A loja de eletrônicos Best Buy parou de listar seus compromissos de gastar pelo menos US$ 1,2 bilhão com negócios diversos até 2025, além de seu progresso em metas de contratação, como preencher um em cada três cargos corporativos assalariados com funcionários negros, indígenas ou pessoas de cor e preencher um em cada três cargos com mulheres. A empresa disse estar focada no engajamento dos funcionários, retenção, representação e criação de uma cultura de pertencimento.
As quatro empresas fornecem mais detalhes sobre suas metas e ações de diversidade em relatórios separados. Esses documentos, às vezes rotulados como relatórios de impacto ou relatórios ESG, são em geral publicados em prazos diferentes dos relatórios anuais.
Muitas outras empresas mantiveram inalterada sua linguagem sobre as iniciativas DEI nos relatórios anuais.
As empresas pesam os prós e contras da divulgação, sabendo que os registros financeiros são um fórum para se comunicar não apenas com investidores e reguladores, mas também com concorrentes, fornecedores, funcionários e outras partes interessadas, explicou Ivy Feng, professora de contabilidade da Universidade de Wisconsin que estuda divulgações de diversidade.
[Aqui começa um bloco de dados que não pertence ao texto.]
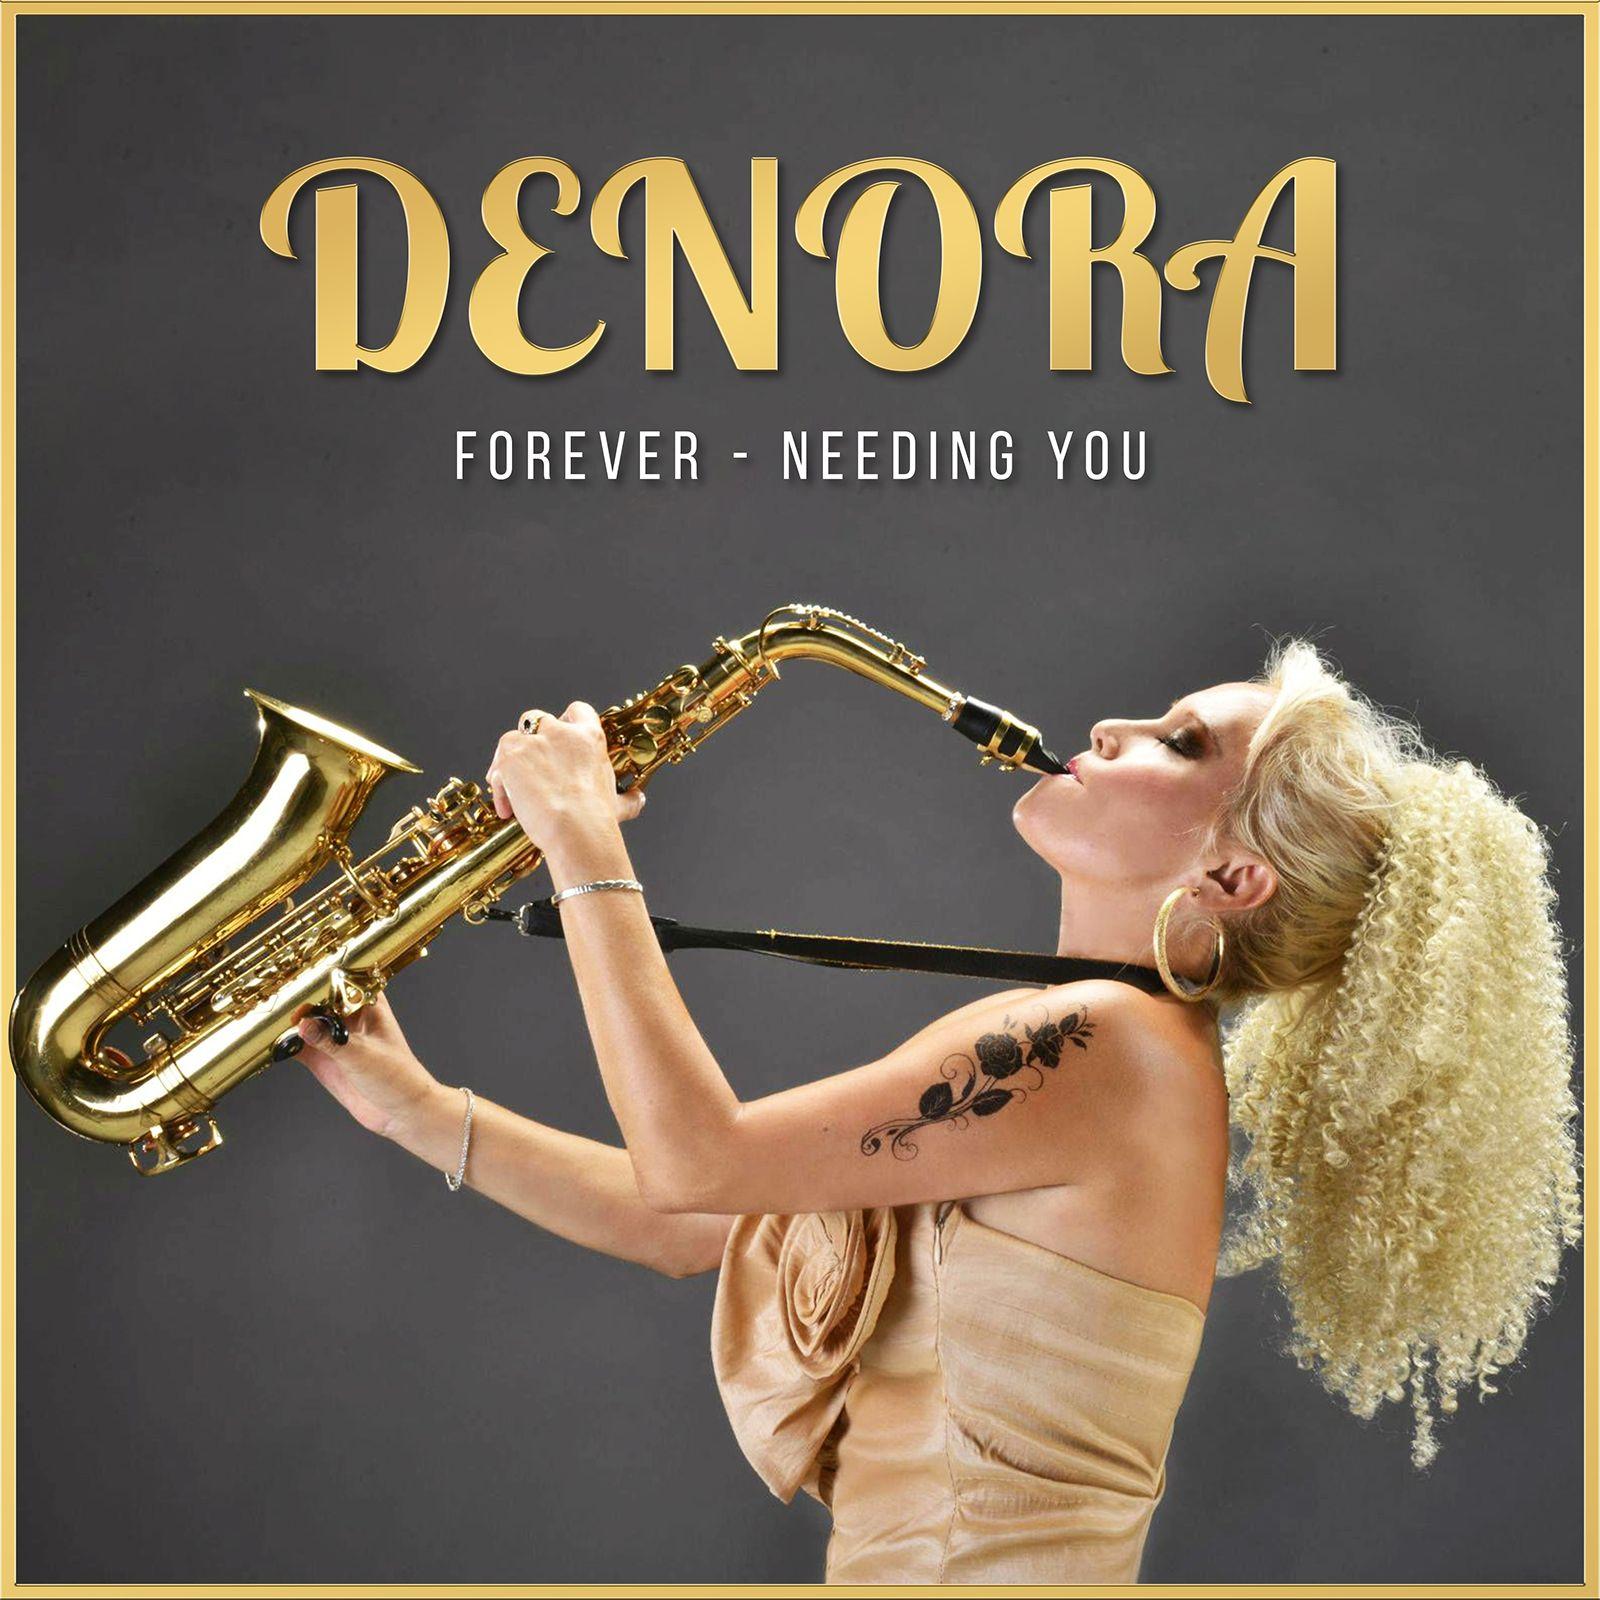 Denora

“O que é divulgado é posto em prática. Então, se nada é dito, fica mais difícil para quem está de fora descobrir o que realmente está acontecendo”, disse ela. “Quando dizem algo, então é público, e quando é público, podem ser potencialmente escrutinados por quem está de fora.”
Escreva para Ben Glickman em [email protected] e Lauren Weber em [email protected]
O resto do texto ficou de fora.